– Par Frédérique Mazerolle –
Je suis née à Caraquet, au Nouveau-Brunswick. « La capitale nationale de l’Acadie », comme le panneau d’accueil l’indique. Une Acadienne pur-sang. Dès mon jeune âge, on m’a appris qu’il fallait célébrer cet héritage pour lequel mes ancêtres s’étaient battus de peine et de misère contre le Grand méchant anglophone. Mes souvenirs du 15 août se traduisent par beaucoup de bruits, de visages peinturés aux couleurs de ma patrie, de chandails « Bec moi, chu acadien(ne)! » et de rues remplies de gens proclamant haut et fort leur amour de l’Acadie. Seulement, je compris plus tard que la majorité d’entre eux voyaient tout simplement cette fête nationale comme une autre excuse pour prendre un verre (ou une bouteille) de trop.
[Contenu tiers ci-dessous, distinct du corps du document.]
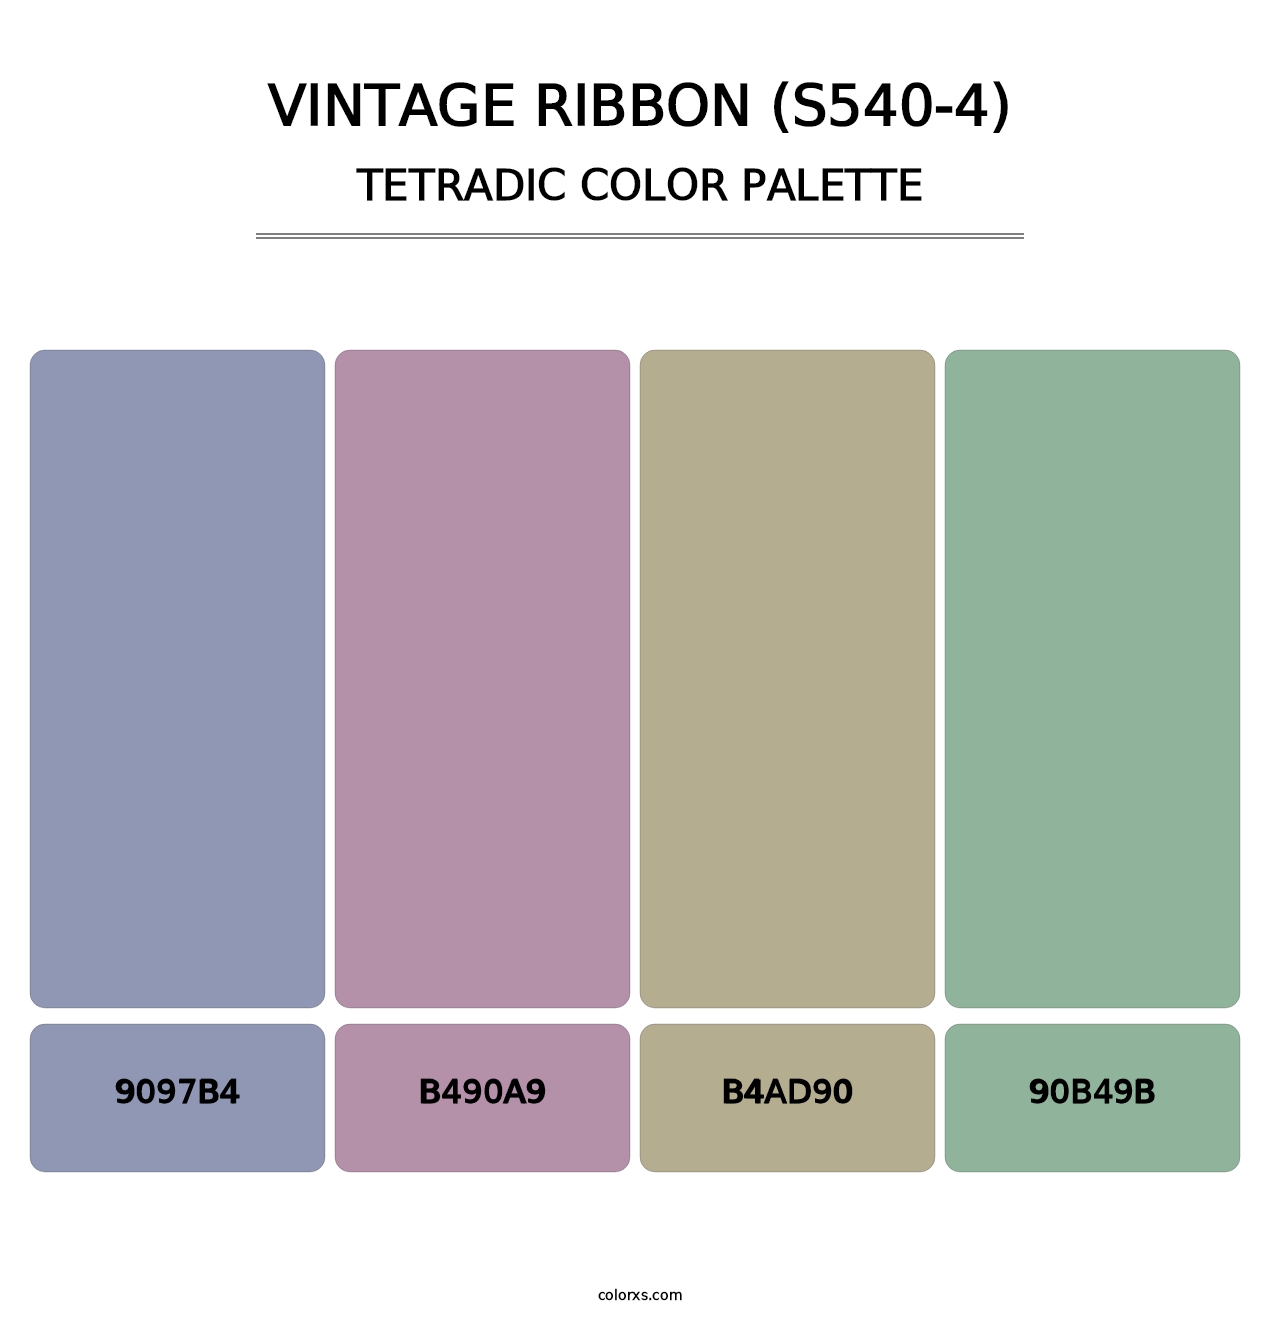 Vintage Ribbon (S540-4) - Tetradic Color Palette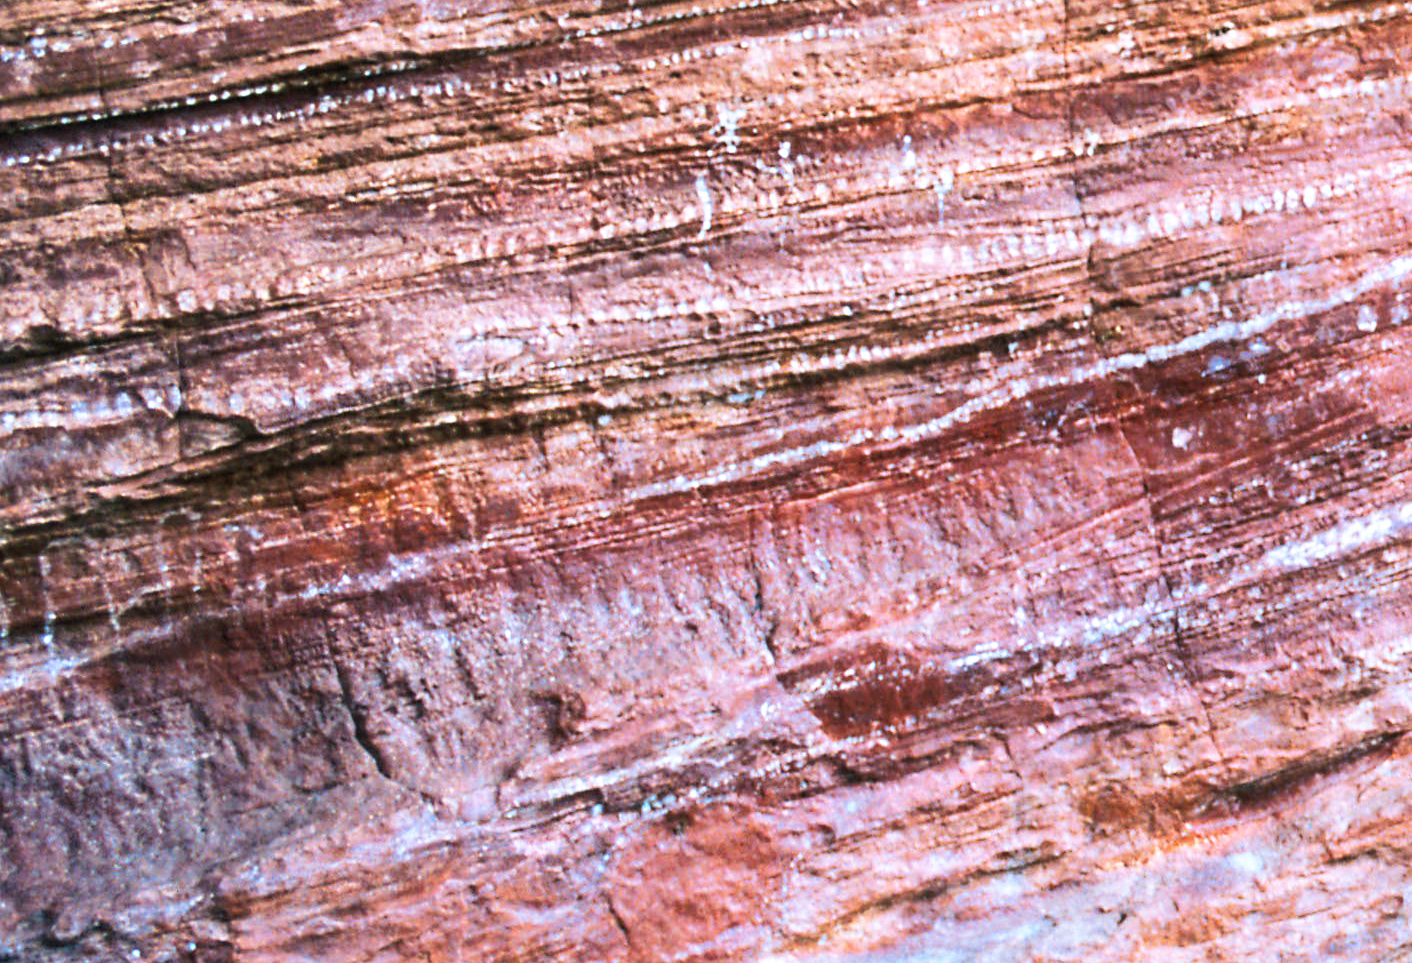 Aboriginal rock art dating

À l’école, c’était encore la même histoire. Dès le primaire, nous connaissions tous l’histoire d’Évangéline et Gabriel, nos Roméo et Juliette acadiens, victimes du Grand Dérangement de 1755. Nous connaissions tous Louis-J. Robichaud, militant acadien, pour qui nous devions être reconnaissants, car c’est lui qui a fait en sorte que nous pouvions être éduqués en français. Nous connaissions tous les mots de la chanson « Réveille » de Zachary Richard, musicien cajun, qui nous rappelait les injustices et les exploits des héros acadiens. L’héritage acadien a été ancré dans nos têtes, que nous le voulions ou non.
Ayant habité à la fois dans le nord et dans le sud du Nouveau-Brunswick, il va sans dire que la réalité acadienne n’est pas la même partout. Au contraire, les Acadiens du sud de la province sont confrontés à une dualité linguistique plus prononcée qu’au nord. Bref, il n’était pas rare d’entendre des élèves parler le chiac ou même exclusivement l’anglais dans les corridors. Ils étaient cependant vite réprimandés par les enseignants, craignant l’assimilation linguistique contre laquelle bien d’autres s’étaient battus avant nous.
Avant de terminer mon secondaire, j’ai eu la chance de faire un stage dans un journal de ma région, l’Étoile. Comme premier texte, on m’avait offert d’écrire un texte subjectif sur le sujet de mon choix. Sans même y penser, je me suis assise devant mon ordinateur et j’ai transcrit ma frustration concernant les difficultés en français chez les élèves de mon école secondaire. Le texte fut publié la semaine suivante. Les commentaires ont été mixtes et par moment, désagréables. Ma frustration envers mon héritage linguistique n’a fait que grandir. Je voulais tout simplement pratiquer mon français dit standard et sortir de ma peau d’Acadienne.
Avant mon déménagement à Ottawa, on m’avait promis « des Acadiens en masse », ce que je voyais comme une couverture de sécurité, alors que j’ai plutôt eu droit à des anglophones unilingues, des étudiants en immersion française et à quelques exceptions des compagnons québécois et franco-ontariens. L’Acadie est partout, mais où était-elle à ce moment-là? C’est dès lors que j’ai compris l’envers de la médaille.
Sans renier le fait qu’il est important d’avoir une bonne maîtrise du français standard, j’ai également pris conscience de l’importance de mon héritage. Mon accent, que les gens remarquent dès mes premières phrases, fait partie de mon identité. Comment pourrais-je renier mon identité?
Il est évident que mon opinion de la francophonie change constamment. Elle va continuer de changer. Elle sera teintée par les gens que je vais rencontrer, par les médias, par mon Acadie. Cependant, une chose est certaine : on peut sortir l’Acadienne de l’Acadie, mais on ne peut pas sortir l’Acadie de l’Acadienne.